- INSTRUCTIONS FOR THE TASK:
From the entries below, return only the lines starting at the one that contains "Κατερίνα Σακελλαροπούλου: Έδωσε" and ending at the one that contains "ロード・オブ・ザ・淫Y 十六夜の帰還 ラフ画集 in 淫Y赤絨毯（1） 41ページ", exactly as they stand.

Top of RECORDS

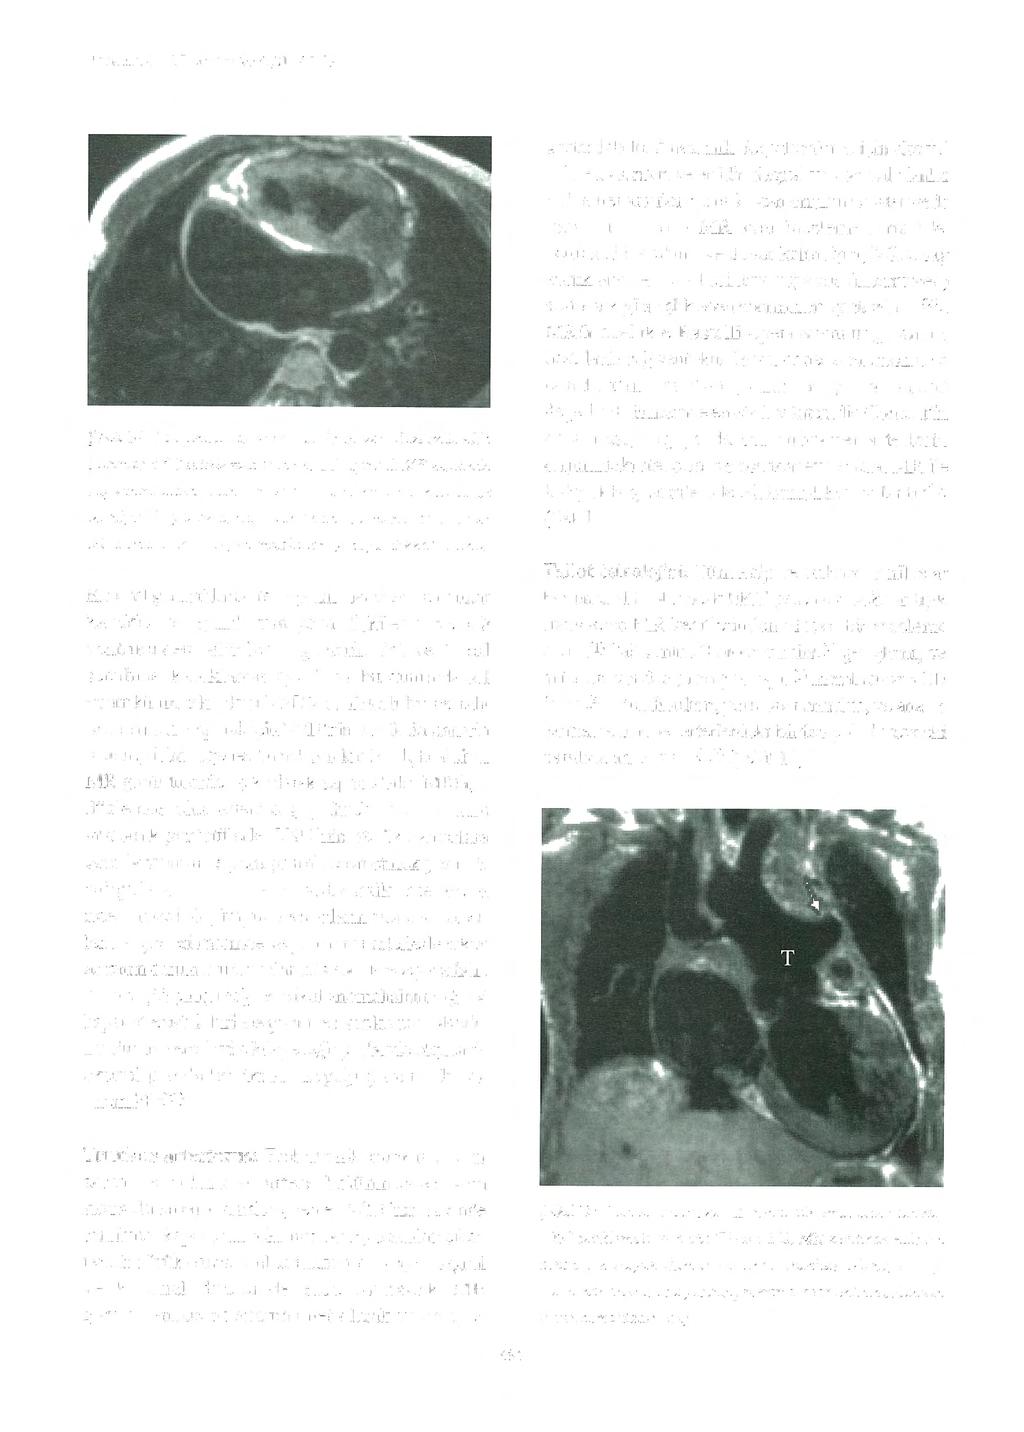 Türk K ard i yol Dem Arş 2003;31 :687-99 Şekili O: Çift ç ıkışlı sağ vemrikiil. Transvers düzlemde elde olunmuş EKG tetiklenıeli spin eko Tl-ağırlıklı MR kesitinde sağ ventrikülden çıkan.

Bottom of RECORDS
Top of RECORDS

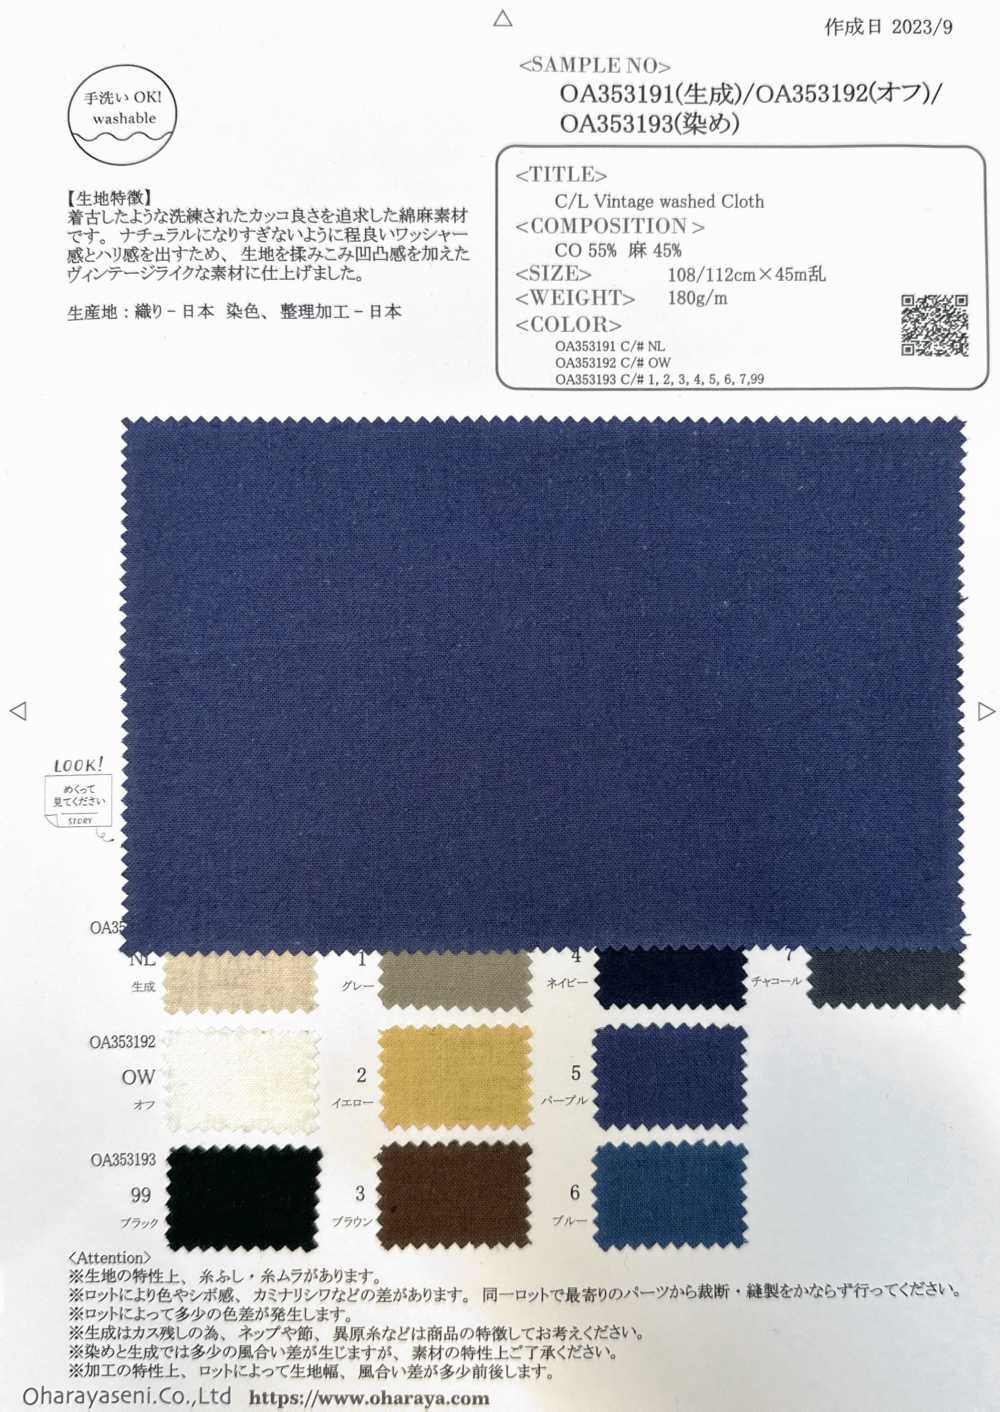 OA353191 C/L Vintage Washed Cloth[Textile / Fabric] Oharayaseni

Bottom of RECORDS
Top of RECORDS

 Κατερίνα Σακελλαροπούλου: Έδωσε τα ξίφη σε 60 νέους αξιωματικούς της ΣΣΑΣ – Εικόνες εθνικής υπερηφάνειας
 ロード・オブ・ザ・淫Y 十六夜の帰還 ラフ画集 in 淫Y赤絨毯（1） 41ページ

Bottom of RECORDS

- PROBLEM SOLUTION:
 Κατερίνα Σακελλαροπούλου: Έδωσε τα ξίφη σε 60 νέους αξιωματικούς της ΣΣΑΣ – Εικόνες εθνικής υπερηφάνειας
 ロード・オブ・ザ・淫Y 十六夜の帰還 ラフ画集 in 淫Y赤絨毯（1） 41ページ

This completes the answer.